Lors d’une interview diffusée durant le week-end dernier sur 24h Mada, une phrase maladroite de Lova Ranoromaro, Directrice des relations internationales et porte-parole de la Présidence de la République, a mis le feu aux poudres sur Facebook durant les trois derniers jours. Dans un effort pour expliquer un projet d’échanges entre universitaires malgaches et français, elle a prononcé des mots qui ont créé un tollé : « Ny profesora malagasy moa nanana ny maha izy tamin’izany fotoana izany, ary mampalahelo amin’ izao fotoana izao fa tsy misy intsony izany profesora tena hoe mahay, ary izay moa no tenenina hoe hanaovana izay échange-na formation izay ». Les mots sont clairs et ne prêtent aucunement à confusion, comme le soutiennent pourtant les défenseurs du régime qui tentent d’insinuer avec mauvaise foi qu’ils ont été manipulés hors-contexte.
De nombreux universitaires, dont des sommités, ont logiquement montré leur irritation de s’être ainsi sentis rabaissés. Les « influenceurs » et les créateurs de contenu digital s’en sont donné à cœur joie. La fameuse page malagasy TSAR – Taranaka SAhy Rehetra a publié une vidéo qui a obtenu 313.000 vues en 24 heures. Le Syndicat des enseignants chercheurs (SECES) a publié un communiqué exigeant des excuses publiques, qui ont été présentées par l’intéressée sur sa page Facebook. Suite à ces excuses, quelques personnalités ont publiquement pris sa défense, non pas pour excuser la maladresse, mais pour appeler à dédramatiser ce qui n’était au fond qu’une maladresse de langage. Parmi eux, l’artiste Rossy, le président du FIVMPAMA Rivo Rakotondrasanjy, et même l’éditorialiste d’Actutana qui est pourtant loin d’être un tendre envers le régime. Mais en dehors de ces cas rares, la majorité de l’opinion publique refuse d’être indulgente à son égard, non pas vraiment pour ce qu’elle a dit ou qui elle est personnellement, mais juste parce qu’elle appartient au premier cercle de Rajoelina.

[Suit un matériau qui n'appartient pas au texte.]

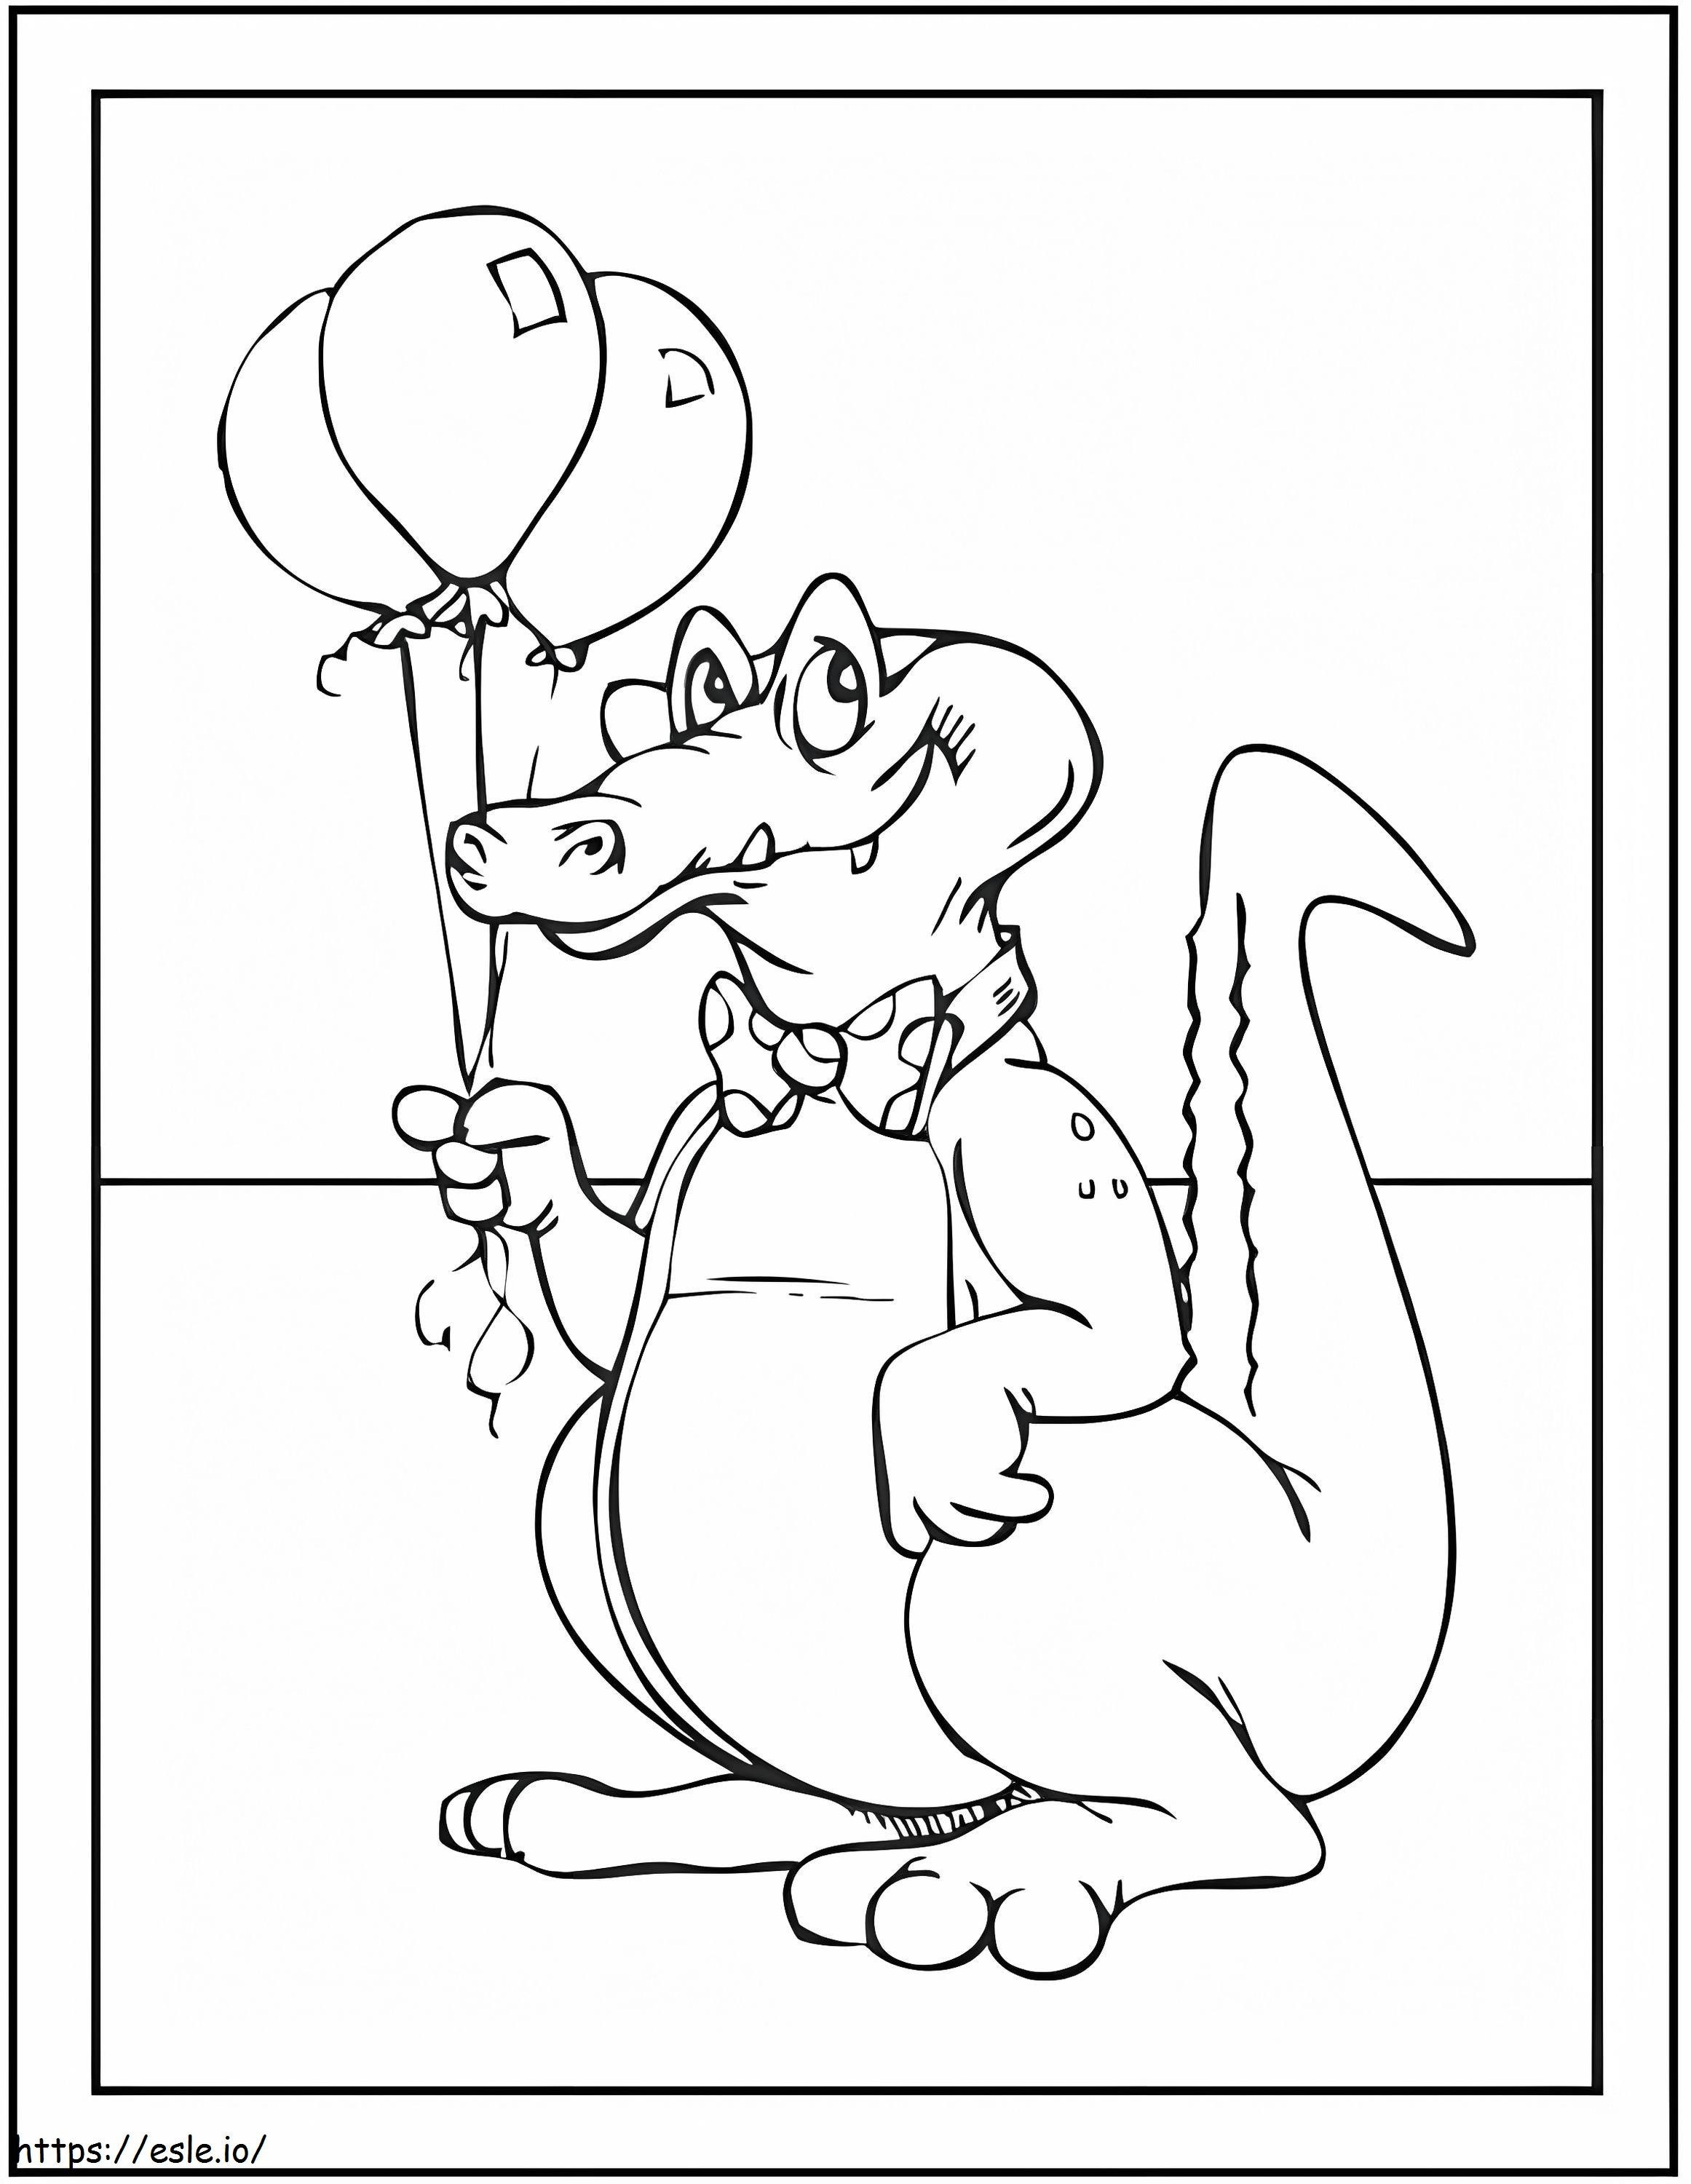 Crocodil ținând baloane de colorat

Si l’incident a si facilement généré une crise dans l’opinion publique, c’est pour deux raisons que le pouvoir actuel ferait bien de méditer.
Premièrement, le buzz « Lova Ranoromaro » vient à la suite d’une accumulation de scandales et dérapages (affaires Ambohimalaza et B777), de déclarations arrogantes et peu inspirées comme celles du général Ravalomanana, le tout dans le souvenir encore vivace des affaires SMMC, écrans plats, Romy Voos, Herilaza Imbiky etc. Cette accumulation crée le sentiment d’impunité des fautifs, mais met également en lumière des questionnements sur la qualité des gens au pouvoir. Tout ceci créée un contexte dans laquelle la parole officielle n’a plus de crédibilité, quoiqu’elle dise. Le scepticisme dans l’affaire Ambohimalaza est un exemple récent, et tout ce qui sera dit par les autorités sera dès le départ reçu comme manipulation ou mensonge. Il faut dire que depuis 2009, le clan Rajoelina nous a démontré être expert dans cette matière.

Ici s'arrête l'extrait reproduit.